Polling Super Tuesday 

 Another Tuesday, another primary election or twenty, and another opportunity for things to go wrong with pre-election polls.  The super Tuesday states, which had not seen much attention from pollsters earlier in January, have seen a deluge of polls released in the last week, nicely summarized at the Mystery Pollster blog.  As Mark Blumenthal's recent post points out, " Somebody's gonna be wrong ".  The amount of dispersion present in the recent polls on both sides of the election exhibit is far more than can be accounted for by sampling variability.  There are always house effects present in any polling context, but this borders on the ridiculuous.  Unlike New Hampshire, no matter how the results turn out (barring a possible McCain collapse), we probably won't see as great a hue and cry about the pollsters this time because their pre-election predictions are all over the map. 
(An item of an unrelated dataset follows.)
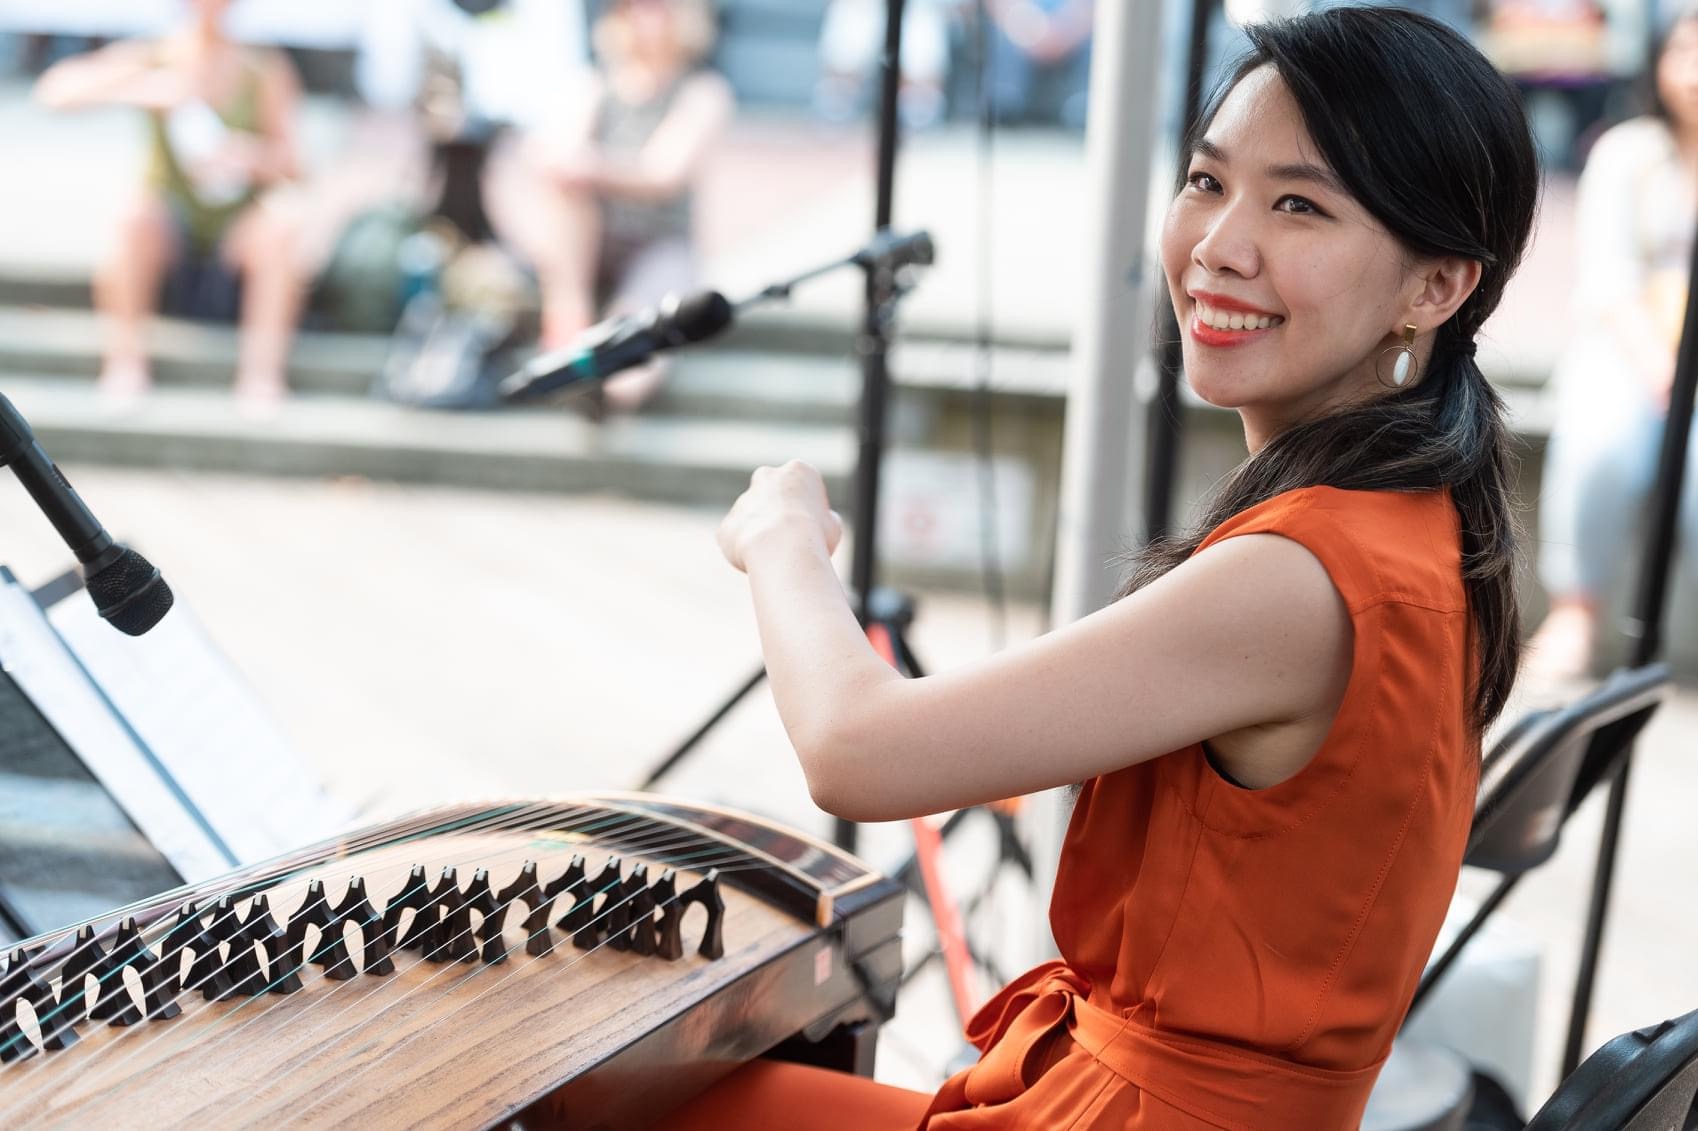 Dailin Hsieh, smiling in an orange dress, performing on the zheng

 Speaking of New Hampshire, Adam Berinsky from MIT e-mailed a few weeks ago to point to several studies that do look at errors in polling when a black candidate is on the ballot.  These include   Voting Hopes Or Fears?: White Voters, Black Candidates & Racial Politics   by Keith Reeves, " Race-of-Interviewer Effects in a Preelection Poll: Virginia 1989 " by Finkel, Guterbock, and Borg, and last but not least, Berinsky's   Silent Voices: Public Opinion and Political Participation in America  .  This just goes to show me that a quick Google Scholar search on "Bradley effect" misses a lot of good stuff.  We'll see if there is more evidence of such an effect tonight, but it is worth noting that in South Carolina things went the other way; Obama did much better than projected by the pre-election polls.  Since they didn't get the outcome wrong, however, the pollsters didn't get nearly as much grief as they did after New Hampshire.